We succeeded in sourcing a copy of the court order inserted above from the respondents (JTT) only on 20 January 2025. The applicants have not shared it publicly. We were recently informed by a source close to the court action on the respondents’ side that the applicants themselves (Ryno Engelbrecht et al) had unsuccessfully requested the court to make the order confidential.

If you read the court order you will see that it does not contain the terms “accountable”, “duty” or “requirement”; nor does it refer to any form of “relief”. Indeed, it makes no mention of the specific actions requested by the applicants (other than the minor matter of the extension of the ranger programme for the month of December 2024).

Because neither of us is a lawyer, we asked a reputable advocate for their opinion of the order. Their response:

“It is not uncommon, when a party agrees to withdraw an application, that it does so on the basis that the court will be asked to record any undertakings that have been made. That does not mean that the court has ordered the other party [in this case, the JTT] to do the things that are listed. If it does not do what it said it would do, this would not constitute contempt of court… the order does not legally oblige the respondent to do these things”.


On this view, the applicants’ claims that they secured a “huge win” seem unjustified. Only one of the specific actions they wanted the authorities to take (the December 2024 ranger extension) was noted in the court order.

The applicants may argue that the authorities were forced by the litigation to take the steps listed in the court order. If so, they could reasonably claim a moral victory, if not a legally enforceable one.

From our knowledge of the JTT and its decision-making processes, developed during our engagement with authorities and local communities between 2022 and 2024, the latter scenario is highly unlikely. We know that the JTT was considering all the actions listed in the court order from early in 2024, before the court case was launched.
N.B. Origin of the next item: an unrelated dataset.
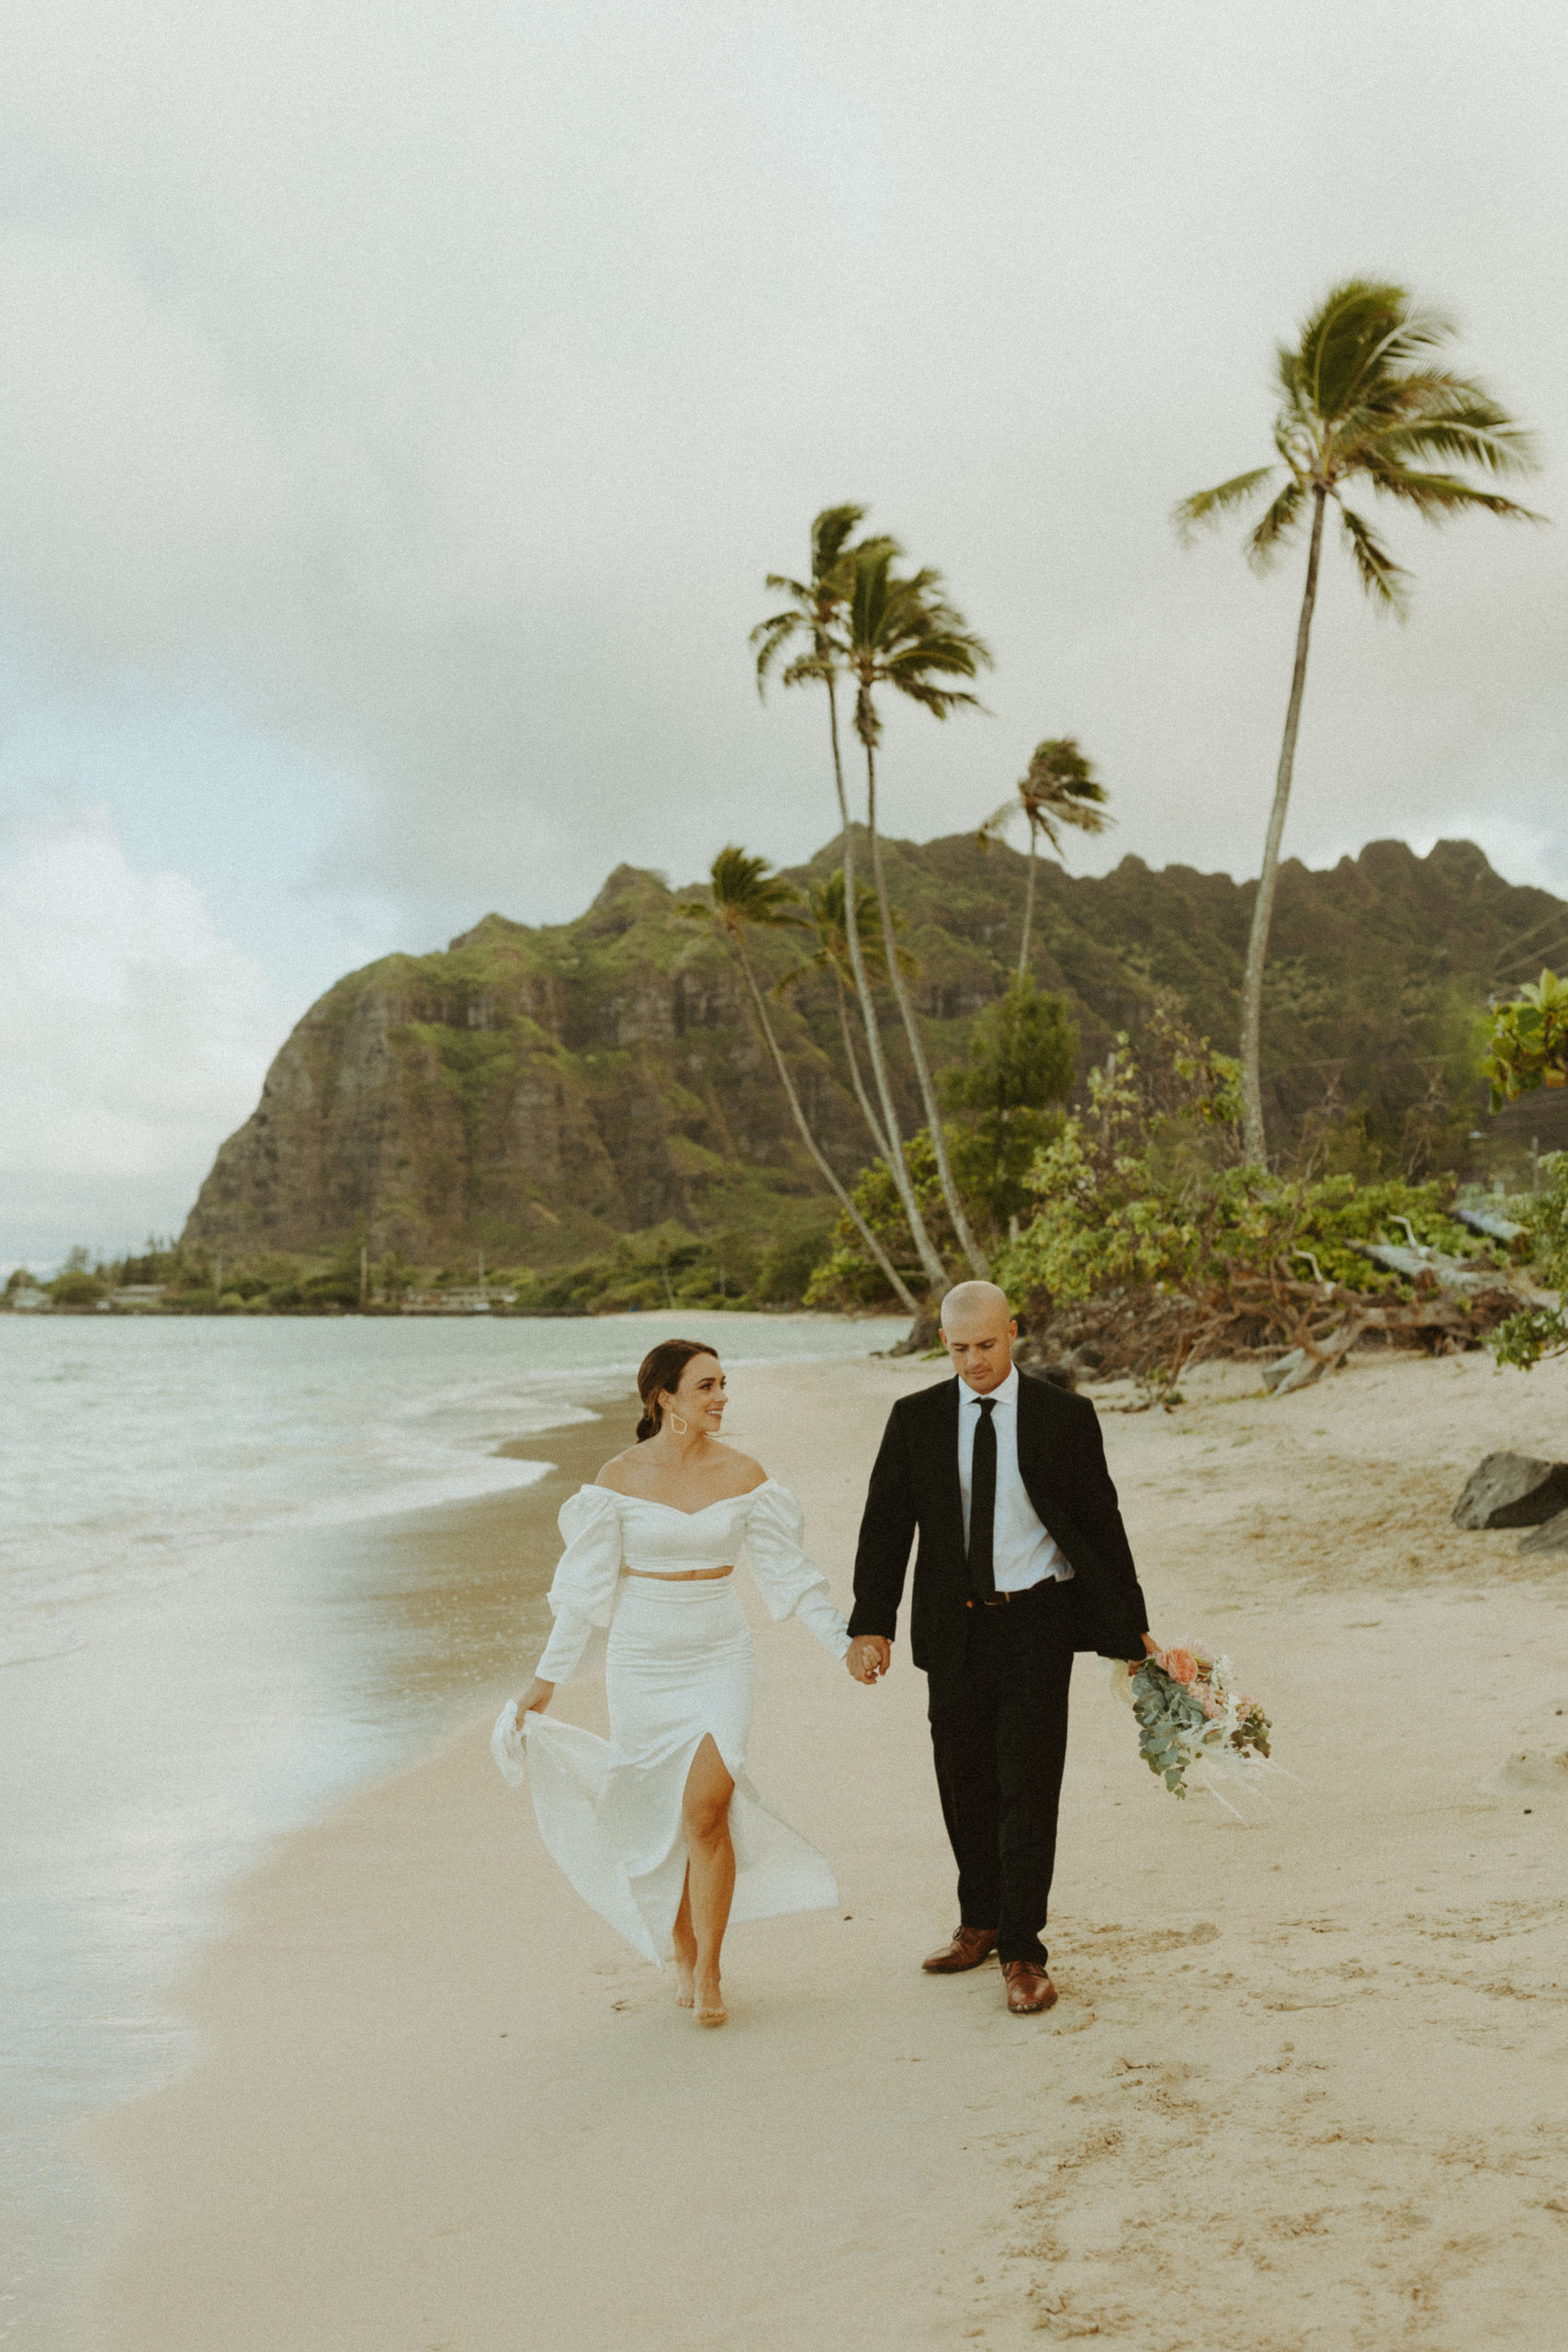 the couple walking down the beach at Kualoa Ranch in Oahu

A “special purpose vehicle” partnership similar to that now agreed with the not-for-profit organisation Shark Spotters, although approved only in early December 2024, was an option being discussed and strongly advocated by some groupings as far back as late 2023.

We find no evidence that the JTT was strong-armed by this court action into doing anything that it wasn’t going to end up doing anyway.

If Ryno Engelbrecht and his co-applicants can show us where the argument we have laid out here is mistaken, we are happy to engage with them and will share publicly any outcome of that engagement.

Meanwhile, we wish all those associated with Shark Spotters’ assumption of the baboon management job every possible success. We are fully aligned with the applicants in believing that residents and baboon troops desperately need an effective management programme to be implemented as soon as possible, with instances of damage to property and baboon injuries and mortalities currently escalating across the South Peninsula. DM

Ben Cousins is an Emeritus Professor at the Institute for Poverty, Land and Agrarian Studies at the University of the Western Cape. Peter Willis is a freelance facilitator of strategic and leadership conversations with 30 years of working in the field of sustainability and resilience.

They are both members of the South Peninsula Civics Coalition which seeks to assist in finding rational, science-based and pragmatic solutions to the complex problem of how to conserve and manage baboons at the urban edge.